Our flow data this week shows that our buyers have again come primarily from APAC and EMEA clients, with America’s clients marginal sellers. By client type, our main buyers have been banks and funds, with other clients showing no strong bias. Broken out by coin, we have seen a bias to buy BTC (52.6% buyers) and to sell ETH (52.7% sellers); and in alts we have had strong buying of SOL, LINK, UNI, AVAX, and XLM, and strong selling in XRP, LTC, ADA, and DOT.
Futures basis in BTC has recovered on most exchanges, with 1m basis recovering from -1% to +1% on most major exchanges, but the OTC lend/borrow market remains very quiet.

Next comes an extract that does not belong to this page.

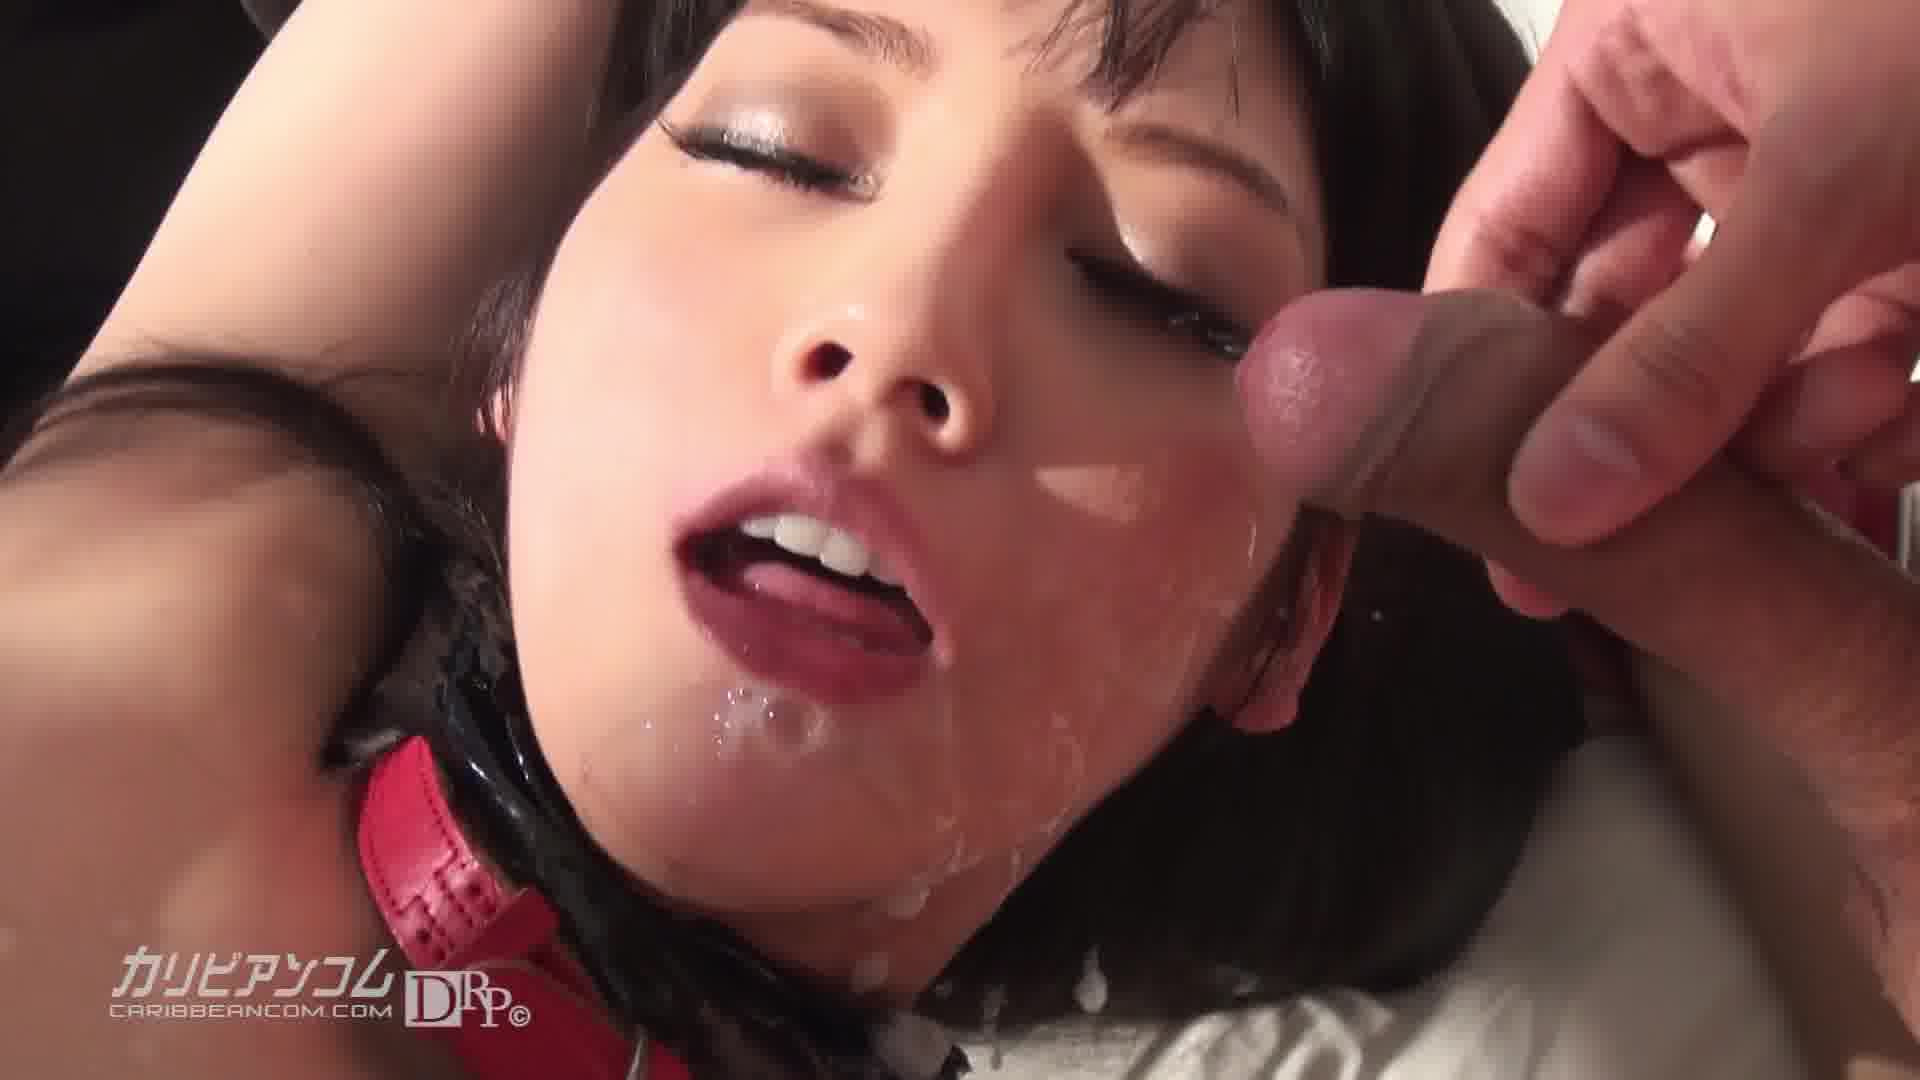 獄畜14 ~美女の恥肉塊~ - みづなれい【乱交・SM・ハード系】

Implied vols have softened considerably over the past week, with 1 month BTC ATM volatility dropping 10 vols to 80%, and the equivalent in ETH down 15 to 95%. Risk reversals may be trying to tell us something more interesting. While mid curve riskies have stayed bid at around 12 vols puts, the very front has come off hard, with 01 July 25delta r/r trading only 5 vols puts, and 15 July only 10 vols puts. Clearly there is some urgency amongst traders to hedge against the risk on a break higher through the aforementioned resistance levels.
The market will focus primarily on US core PCE numbers for May, out on Thursday this week. Judging by the market’s reaction to the CPI data on 10 June, any indication that core inflation has peaked already would cause interest rate expectations to fall and risk assets to rally. In crypto, traders will continue to focus on credit risks in the market, and the probability of more liquidations on spot price weakness.